**Data section**
_ _ _
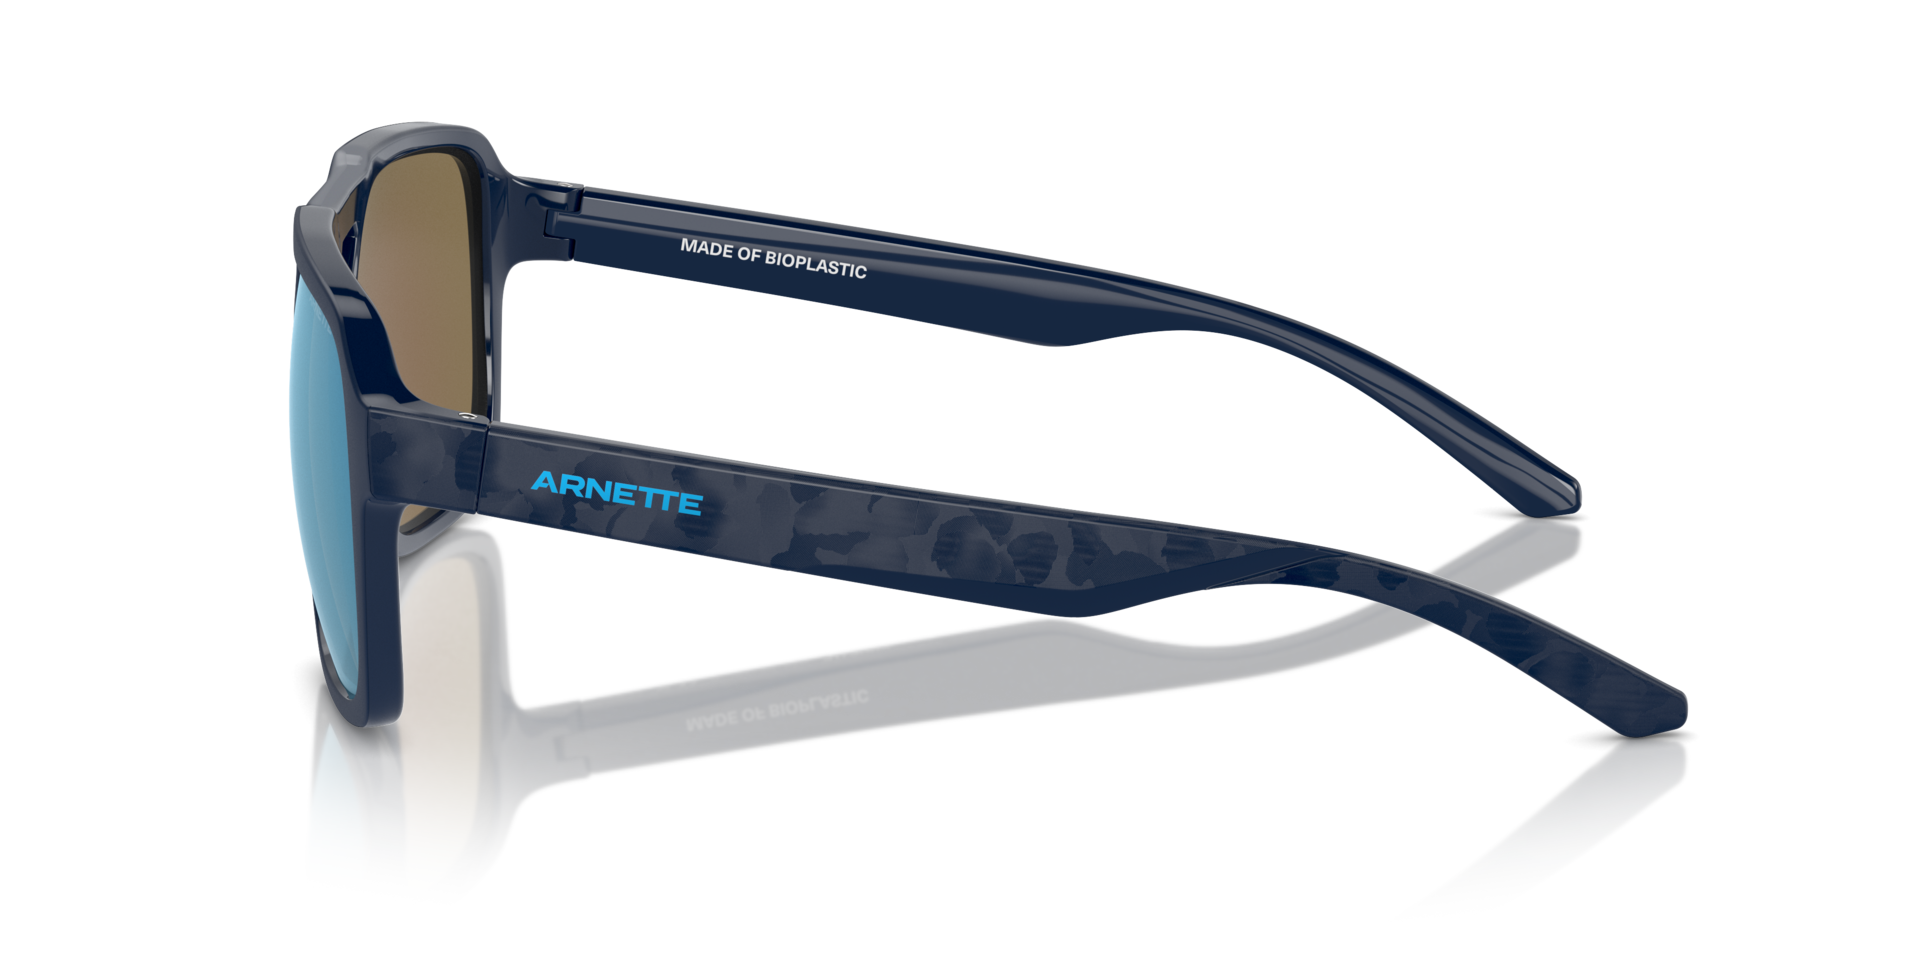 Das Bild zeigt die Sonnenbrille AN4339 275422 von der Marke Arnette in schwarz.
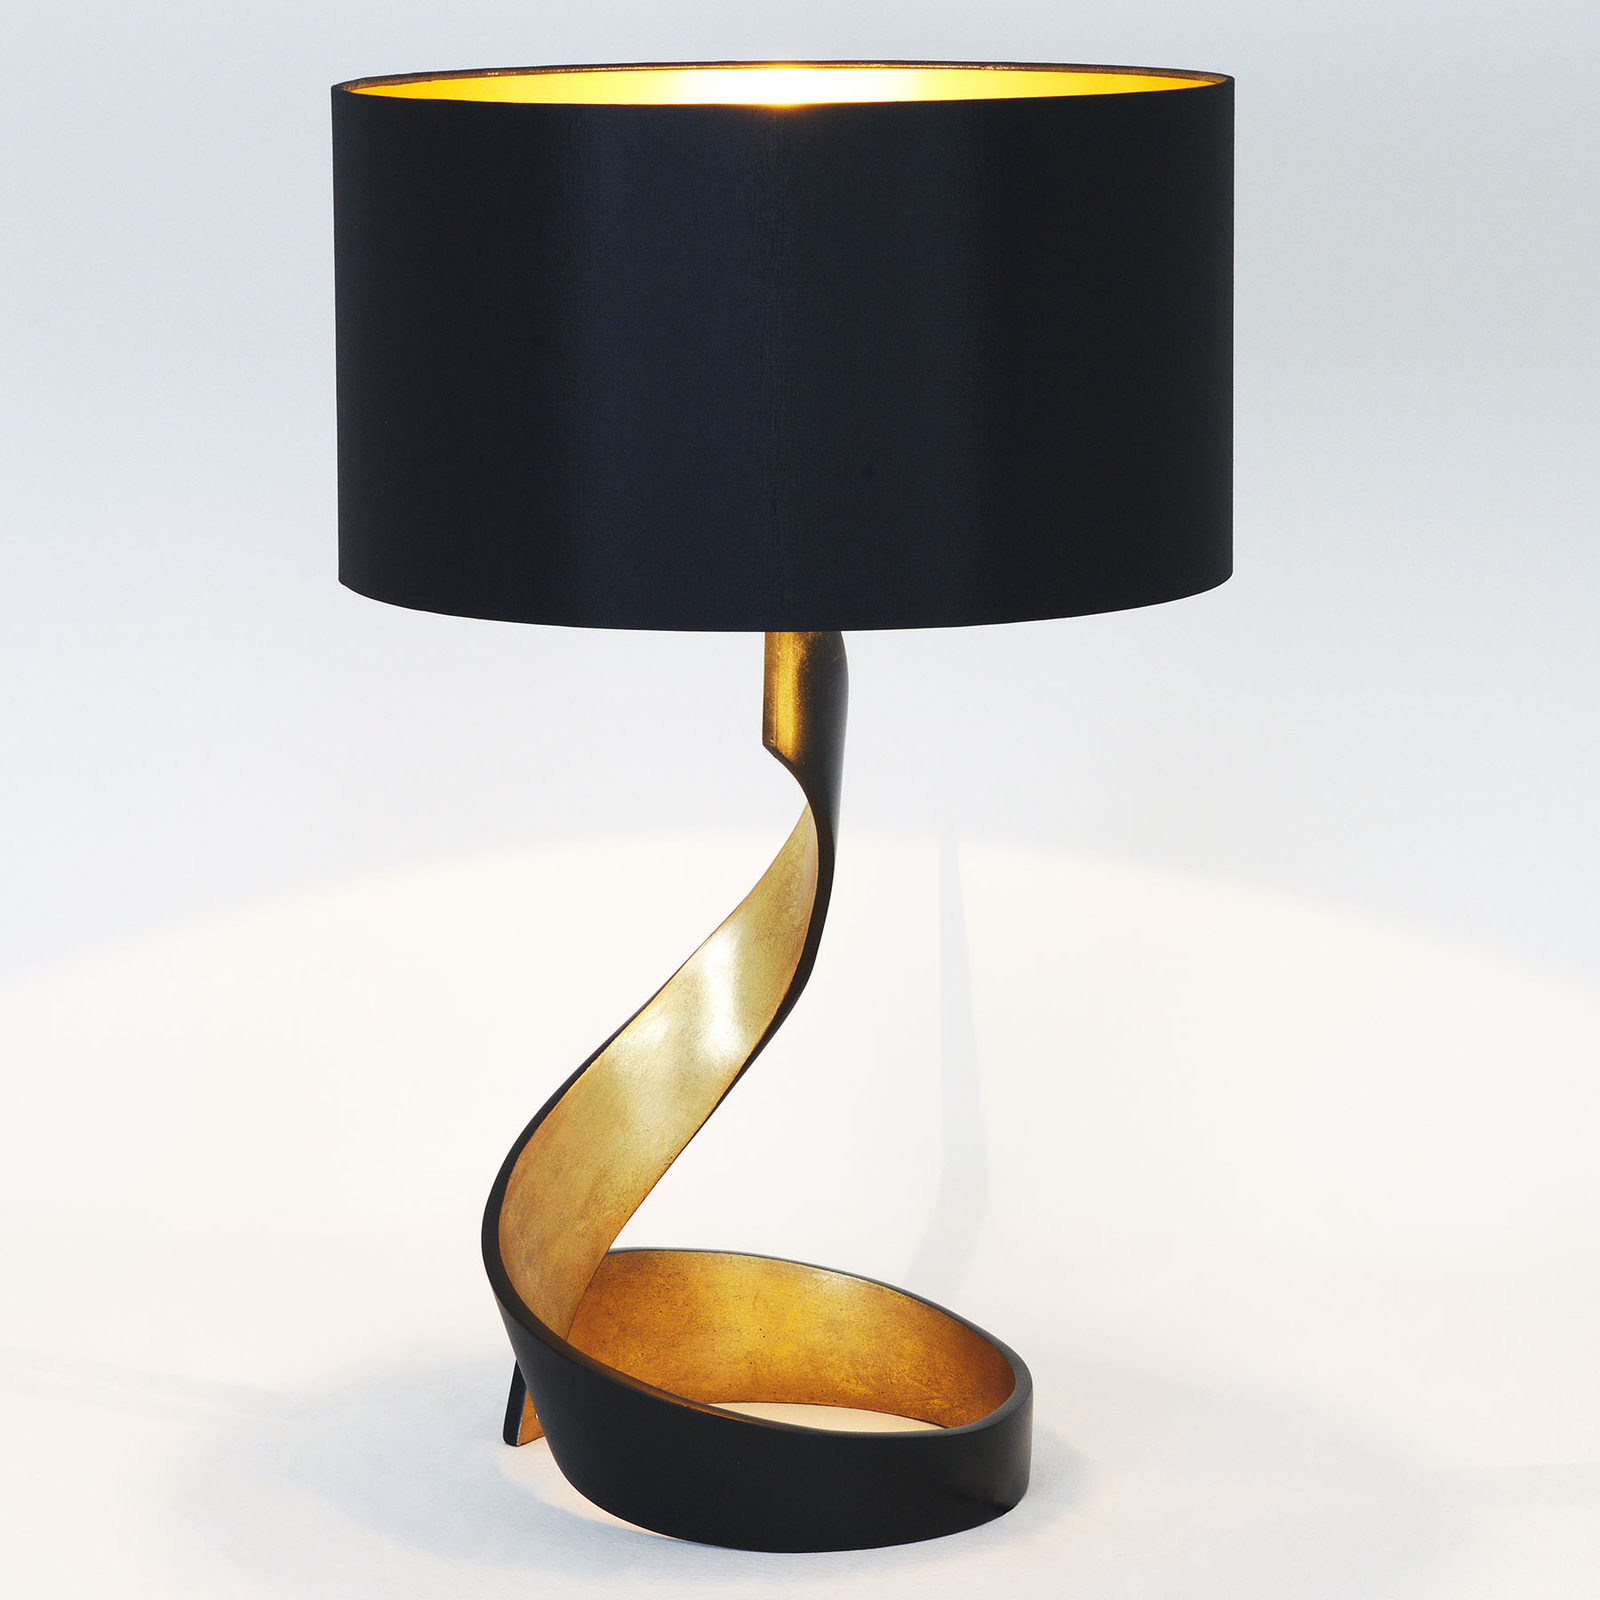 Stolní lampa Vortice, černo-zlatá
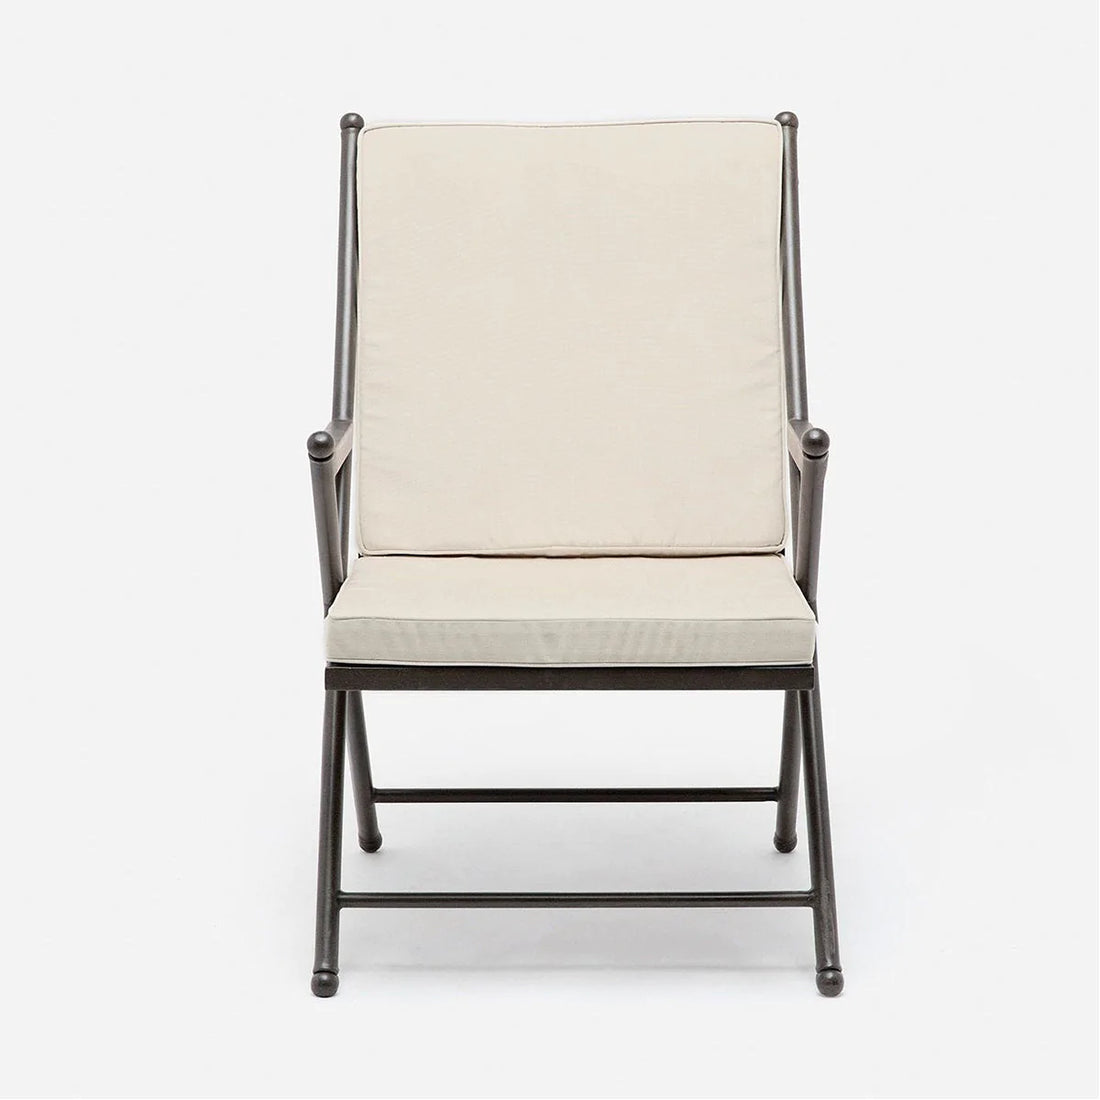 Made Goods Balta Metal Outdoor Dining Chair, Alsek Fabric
_ _ _
**Work instructions**
Omit the pictures, then output the rest of the listing exactly.

**Solution to this problem**
 Das Bild zeigt die Sonnenbrille AN4339 275422 von der Marke Arnette in schwarz.
 Stolní lampa Vortice, černo-zlatá
 Made Goods Balta Metal Outdoor Dining Chair, Alsek Fabric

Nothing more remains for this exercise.